A large majority of neurons have a long axon that forms junctions (synapse) with muscle tissue or another neuron. They carry neurotransmitters enclosed within vesicles that are about 50nm in size. Clustering of vesicles at the synapse is essential for neurotransmission and hence memory and learning. We showed earlier, using embryonic Drosophila (fruit fly), that axons actively maintain a rest tension of about 1 nN. Without this tension, clustering disappears, but reappears with the application of tension. Increase of tension results in increased clustering. Here we explore the role of tension or stretch on vesicle transport along the axon. We use of Aplysia as a model system in this study. We analyze the dynamics of an ensemble of vesicles using the framework of statistical mechanics. We find that the vesicles move along the axon in two modes: (1) random walk (passive motion), and (2) directed motion (active), transported by molecular motors.

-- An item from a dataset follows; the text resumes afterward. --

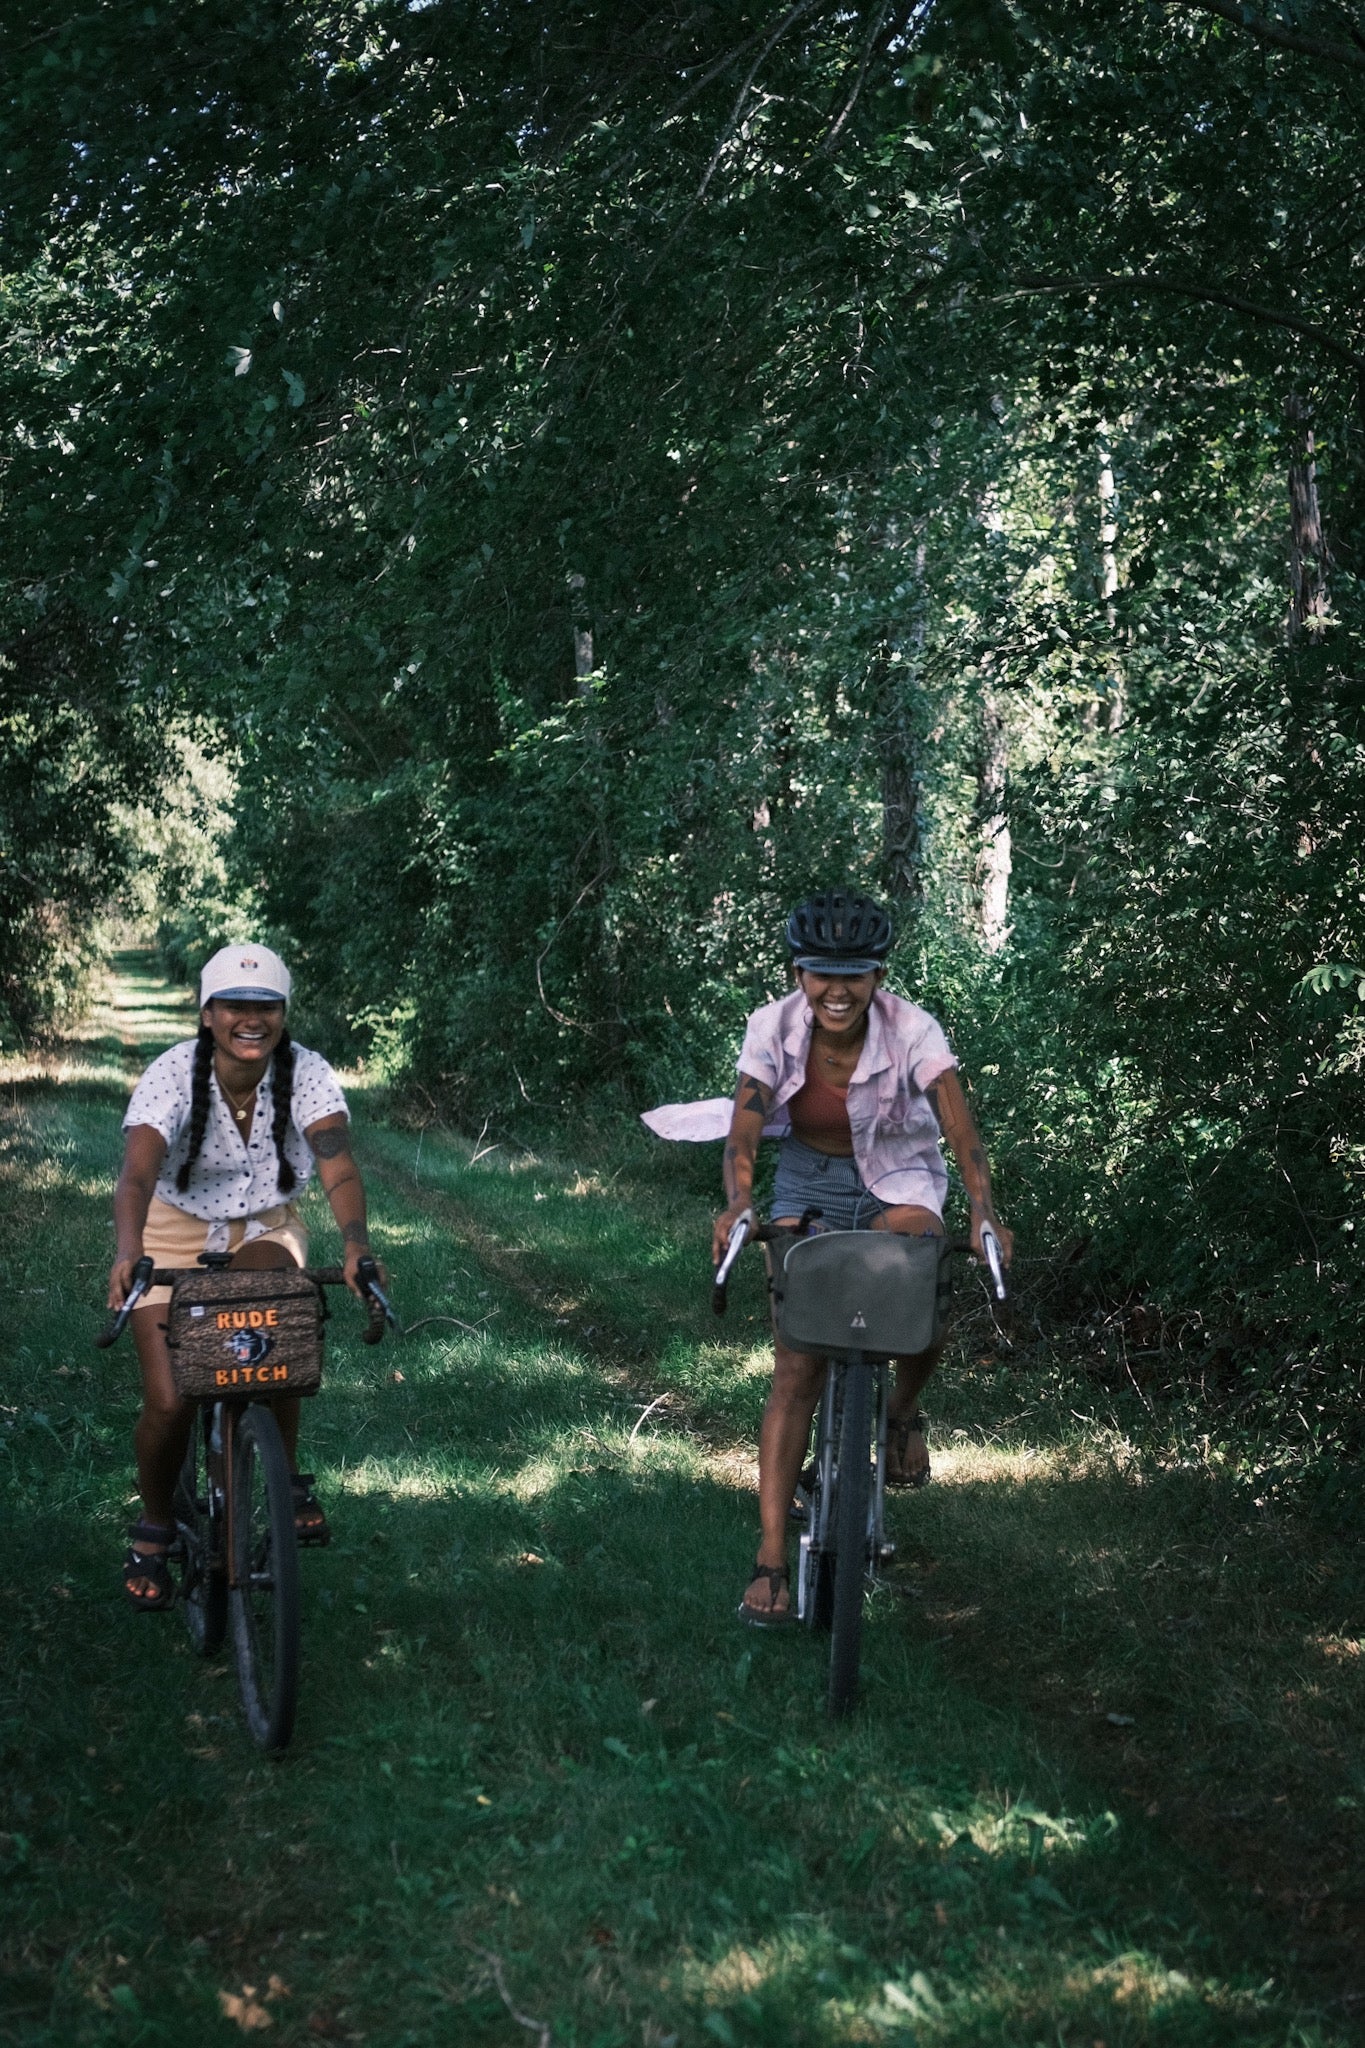 Two friends riding their bikes smiling wearing sandals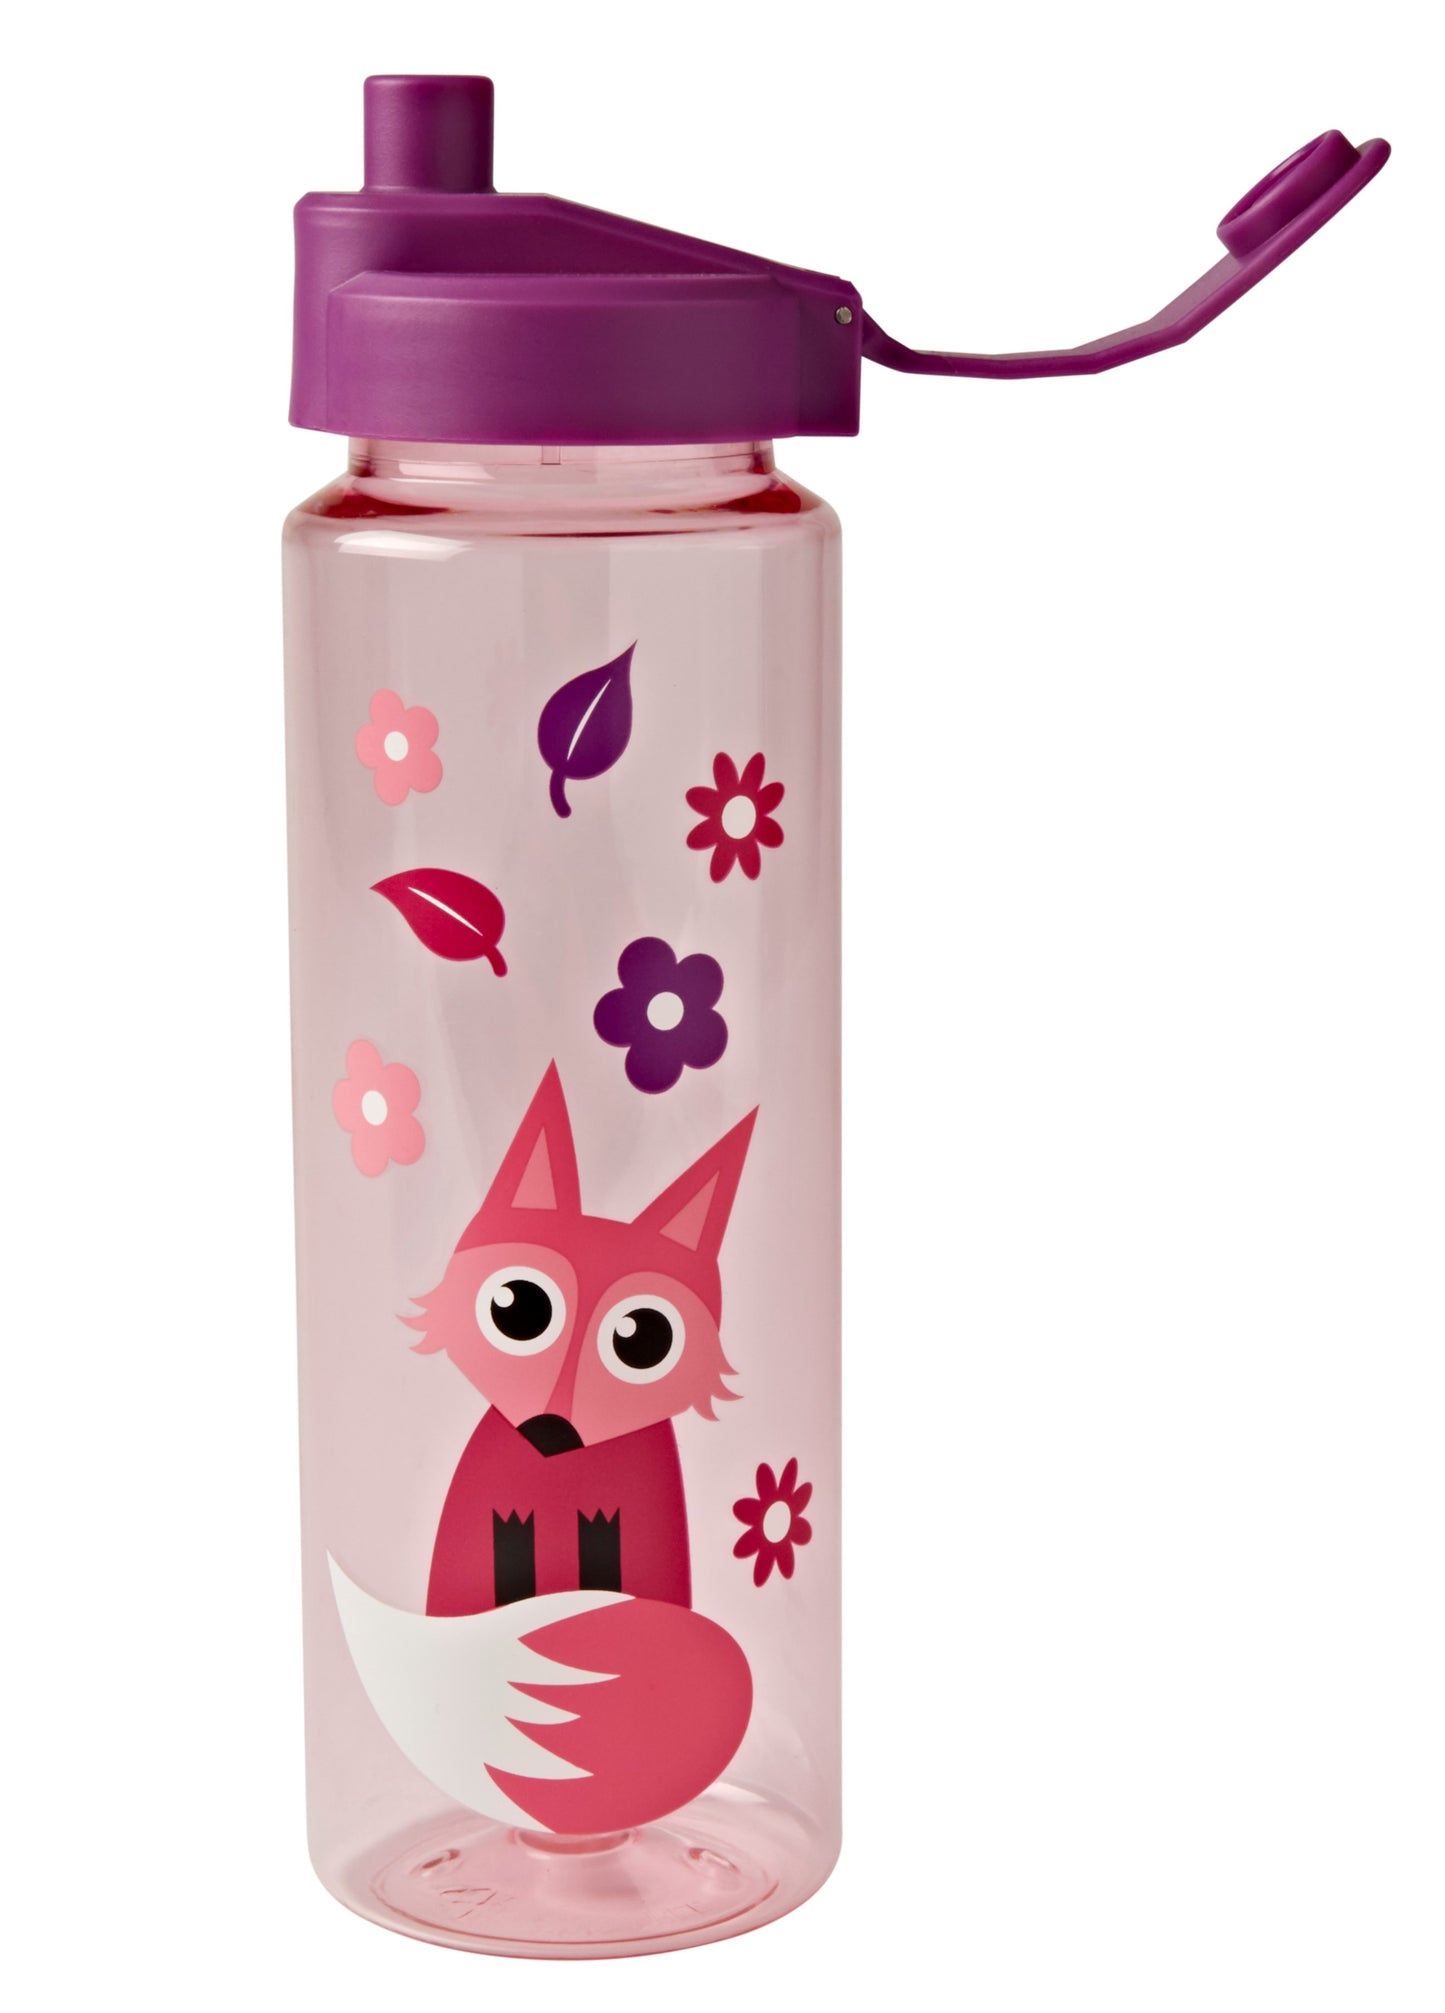 Tinc water bottle in pink and purple woodland animals design

With increased tension or stretch, vesicles spend more time in active mode compared to that of random walk. Furthermore, increased stretch results in an increased flux of vesicles along the axon. It thus appears that the axonal transport is modulated by the net tension in the axons. In search of the origin of tension in axons, we employed a series of drugs. We find, tension is most likely generated by myosin II motors acting on cortical actin. This corticle actin-myosin complex is distributed along the entire length of the axon, and participates in tension generation. Microtubules play a relatively minor role. Thus, disruption of myosin II, or the filamentous actin, or depletion of ATP results in a loss of tension in axon. Disruption of microtubules shows little effect. It thus appears that the corticle actin, together with myosin II, provide a taut peripheral structure for aligned microtubule tracks for vesicle transport along the axon, and hence clustering at the synapse.